The potential witness states: “I am in fear for my safety and the safety of my family as a result of the things that I have seen and as a result of providing this statement. I would like my identity to remain hidden but I am willing to attend court to give evidence if this becomes necessary. In the event that this becomes necessary I would like to discuss with the Court or Prosecution how I can be protected.”

S015 have the names of 33 members of Sisi’s inner cabinet at the time of the massacres in Rabaa and elsewhere in Cairo in August 2013. But they have also began inquiries about other officials suspected of other crimes.

ITN have written to SO15 asking them to examine the names in Sisi’s as yet unknown and undeclared entourage. ITN have asked the police to establish whether individuals which the police are already investigating will be arriving in the UK as part of Sisi’s visit; if so, will they be seeking their arrest; and whether the Egyptian authorities have made a formal request for special mission status. If the police reply that they have identified suspects on Sisi's entourage  and that they have been given special mission status, that status will be challenged in court, in proceedings which could start on Wednesday. 

In the letter, ITN cites voluminous evidence from Human Rights Watch and Amnesty International of torture and mistreatment of prisoners in Egypt since 2013.

This is one of the grounds under which the immunity of prosecution given to Hegazy will be challenged in legal proceedings, which will be undertaken by Lord Macdonald, himself a former DPP.

He will argue that there is no domestic legislation which acts as a basis for the special mission status awarded to Hegazy. Further, this is a case where domestic legislation trumps international legal practise. Section 134 of the Criminal Justice Act of 1998 empowers the British courts to try anyone, anywhere , who is suspected of committing torture.

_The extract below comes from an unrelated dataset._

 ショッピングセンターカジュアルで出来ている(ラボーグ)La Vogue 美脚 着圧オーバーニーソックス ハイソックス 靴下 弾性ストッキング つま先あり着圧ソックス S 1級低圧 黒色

Ministers have a duty to comply with domestic legislation, so the political decision to award immunity from prosecution to a member of the Egyptian authorities who had command and control at the time of the massacres in August 2013 and from then on, would breach UK law, the legal team will argue.

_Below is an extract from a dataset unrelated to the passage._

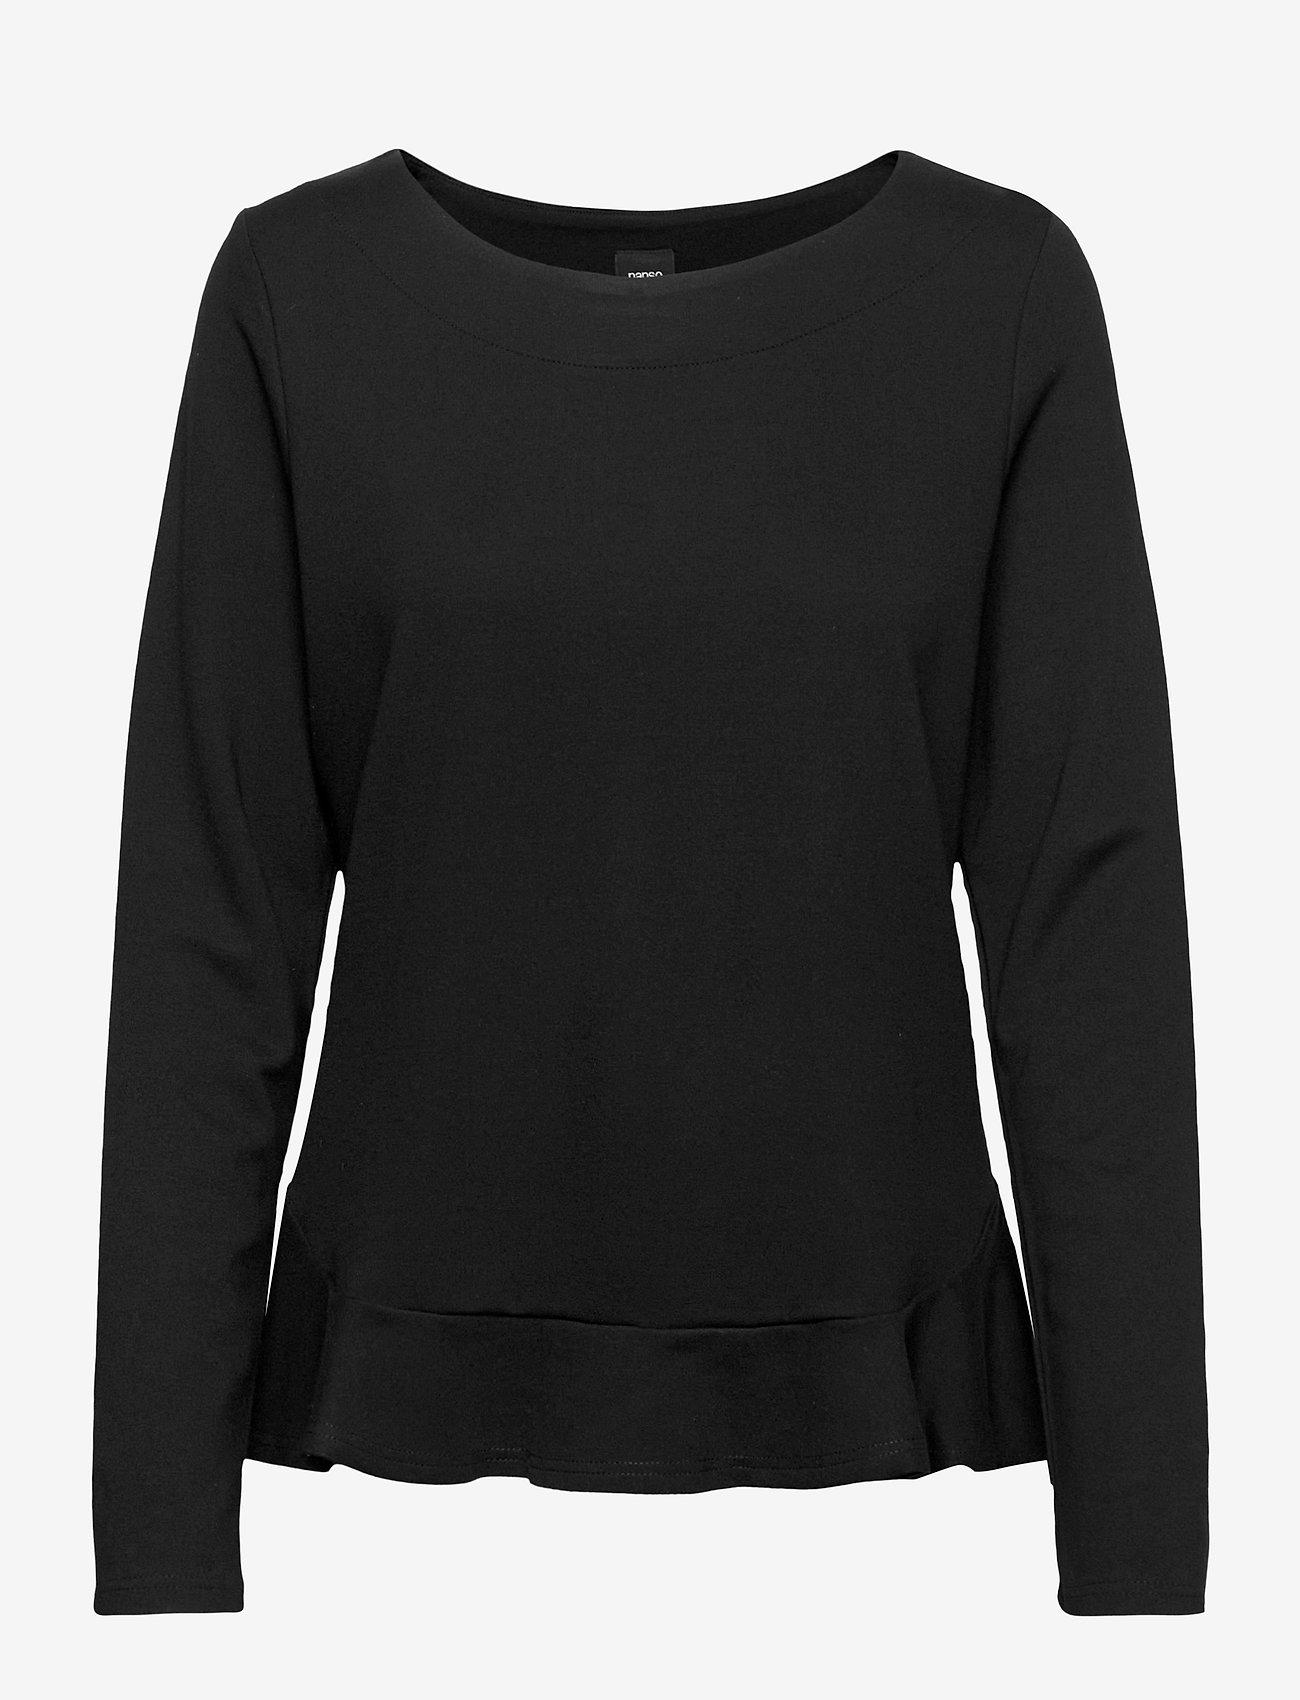 Nanso - Ladies blouse, Minne - black - 0

As DPP, Lord Macdonald was responsible for drawing up the National Protocol on War Crimes and Crimes Against Humanity. These govern how the counter-terrorism command division of the Metropolitan Police investigates serious international crimes and how the counter terrorism division of the CPS decides whether there will be a realistic prospect of conviction. This protocol has been amended since, but is still essentially in force.

Lord Macdonald told MEE in an interview published earlier this year: “We are drawing the attention of the UK authorities to the law, to the existence of these crimes and to the evidence that many individuals have been complicit in these crimes and we are calling on the British authorities to enforce UK law. I don’t want to say more than that.”

In May last year, the Egyptian Minister for Industry and Trade, Mounir Fakhry Abdel Nour cancelled a visit to Britain at the last moment, as part of a high level delegation reportedly for fear that he might be arrested. His name was registered on a hotel booking in Knightsbridge.